The Tuned-TDL methodology specifically addresses non-uniform sampling intervals in carry chains by strategically combining Carry (C) and XOR (S) outputs (e.g., SSSS, CCCC, SCSC), thereby enhancing linearity and measurement accuracy. Based on the open-source jTDC by BIELING John [14], this work integrates Tuned-TDL principles to achieve a precision of 17.213 ps. Implemented on the Ailinx AX7203 development board (XC7A200T-2FBG484 FPGA), the proposed TDC operates with a sampling clock frequency of 500 MHz, enabling shorter delay chains. Furthermore, we introduce a novel 3-tap CSC heterogeneous delay chain configuration that achieves a precision of 17.520 ps. While this performance is inferior to optimal 4-tap heterogeneous architecture, it represents an effective improvement over conventional delay chains, which exhibit a precision of 17.998 ps.

The rest of the article is organized as follows. The basic working principal of an TDL-TDC and the proposed heterogeneous TDL-TDC is described in Section 2. The design methodology of the jTDC and the architecture of the heterogeneous TDL are explained in detail. Experimental measurement results are presented in Section 3, which also includes detailed explanations of the experimental setup, calibration methodology, evaluation criteria and a comparative analysis with single TDL-TDCs from recent years. Finally, Section 4 summarizes the key features of the proposed TDC and concludes the article.

2. Design of the Proposed TDC

2.1. Basic Priciple of TDL-TDC

The implementation scheme of a TDC is selected based on the target resolution requirements. In conventional application scenarios (>2 ns), a basic architecture based on clock counters can meet measurement needs, where the time resolution corresponds to the system clock period. However, when measurement accuracy requirements increase to sub-nanosecond or even picosecond levels, traditional counter approaches would require reference clocks operating at tens of GHz frequencies, posing significant challenges even when implemented in ASICs. Therefore, to achieve high-precision measurement of fine time intervals, the adoption of interpolation sampling methods becomes an essential complementary approach.
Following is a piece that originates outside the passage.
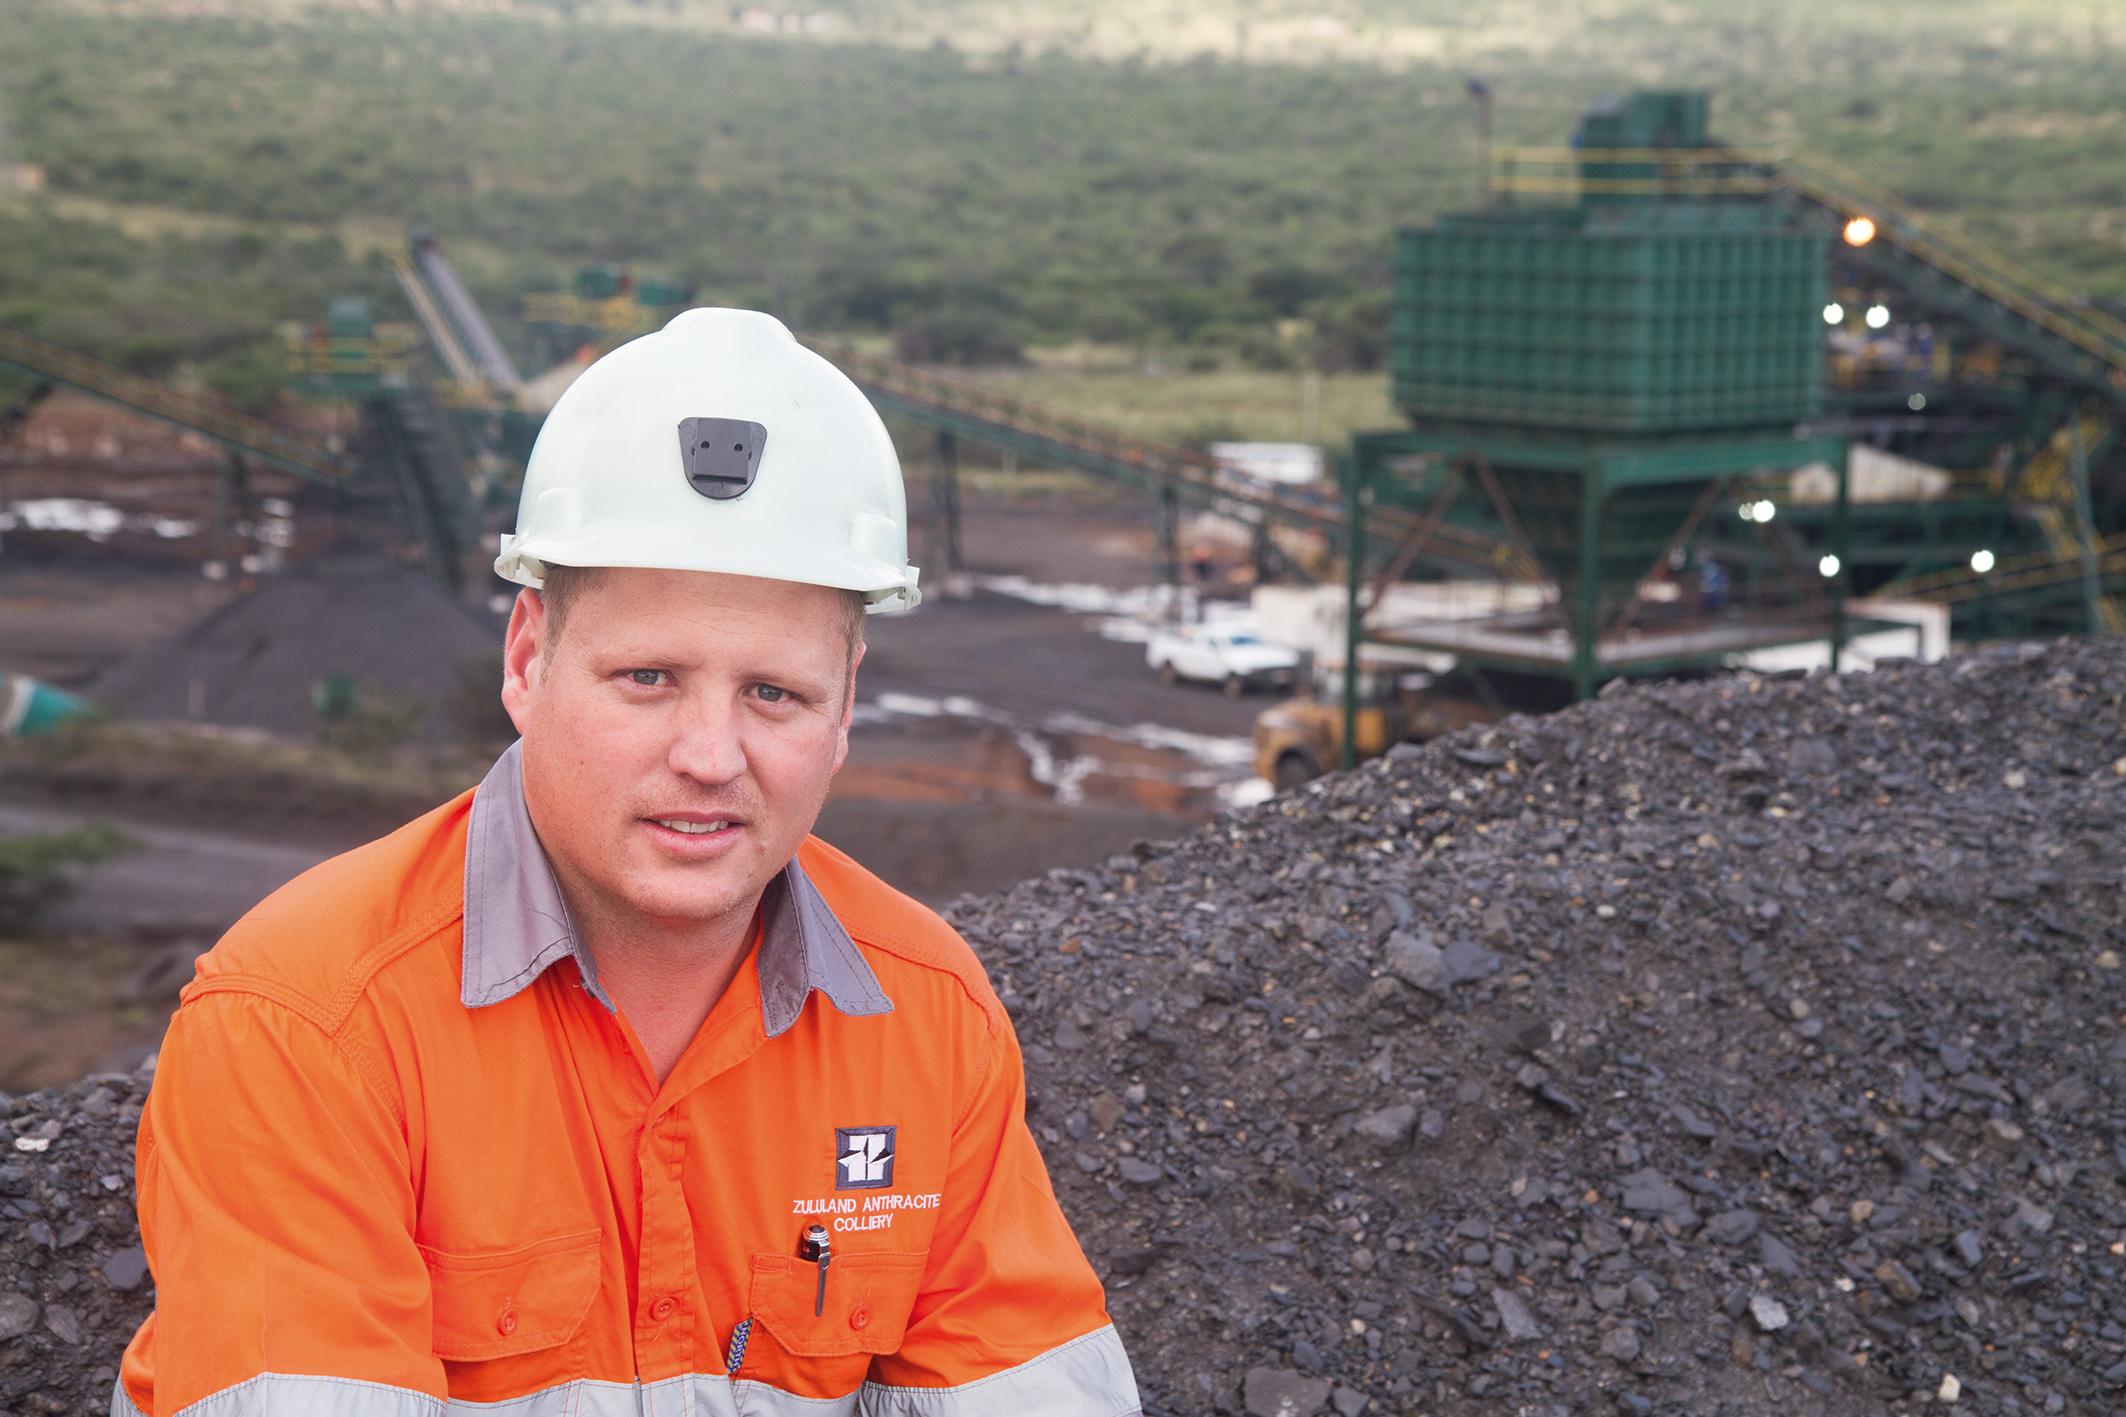 ZAC_MiningWeekly_BradleyHammond_03.jpg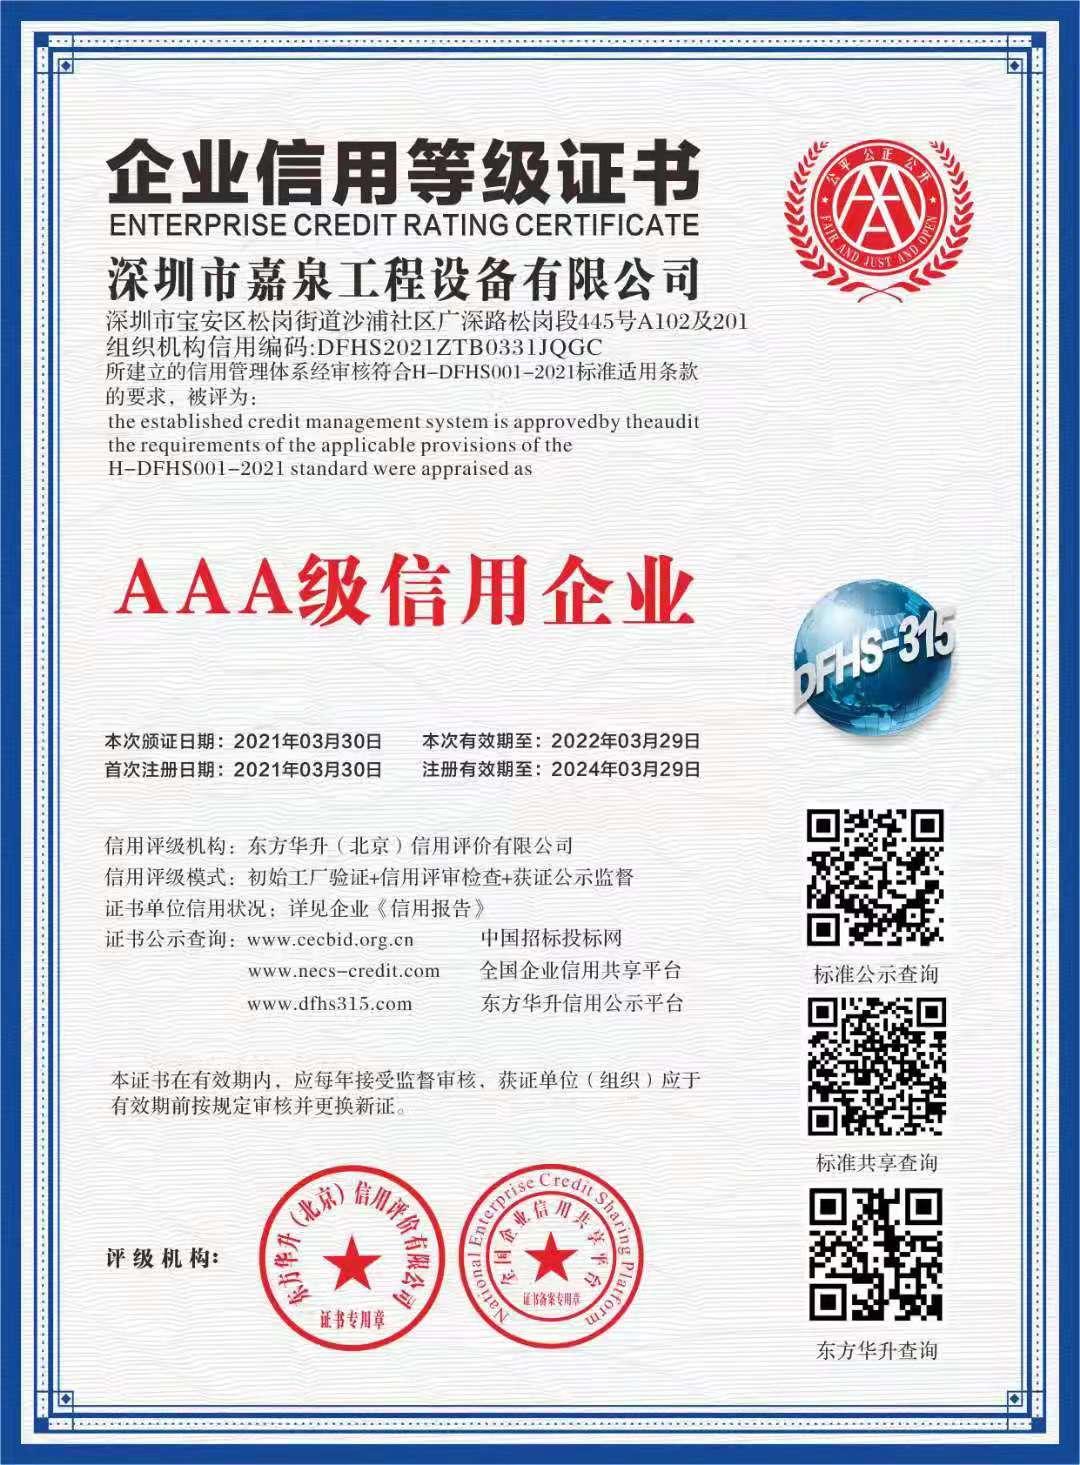 企业信用证书

For the measurement of the time interval between a pair of START/STOP signals, as shown in Figure 1, the coarse counting uses a clock counter to calculate the number of cycles n between the START and STOP signals. Combined with the sampling clock period

T_{CLK}

, this yields the coarse time

T_{coarse} = n \cdot T_{CLK}

. Fine counting, on the other hand, employs interpolation sampling via a delay line and sampling encoding to capture the time differences

T_{fine_start}

and

T_{fine_stop}

between the signal edges and the sampling clock edges. The final measured value

T_{measured}

is then derived from these results

T_{m e a s u r e d} = n \cdot T_{C L K} + T_{f i n e_s t a r t} - T_{f i n e_s t o p}

(1)

When implementing a high-precision TDC with coarse-fine two-stage quantization on an FPGA platform, the fine counting module typically achieves sub-cycle time interpolation through TDL or phased clock scheme. The working principle of TDL is illustrated in Figure 2: multiple tap points with relatively fixed delay intervals are set along the delay chain. As signals propagate through delay elements, the states of these tap points are recorded at the positive edge of sampling clock. By analyzing corresponding thermometer code, the position of signal edges within the delay chain can be determined, thereby identifying the signal arrival time. In FPGA implementations, delay chains are typically constructed using logic elements (primarily carry chains) or routing resources, which exhibit relatively stable delay characteristics.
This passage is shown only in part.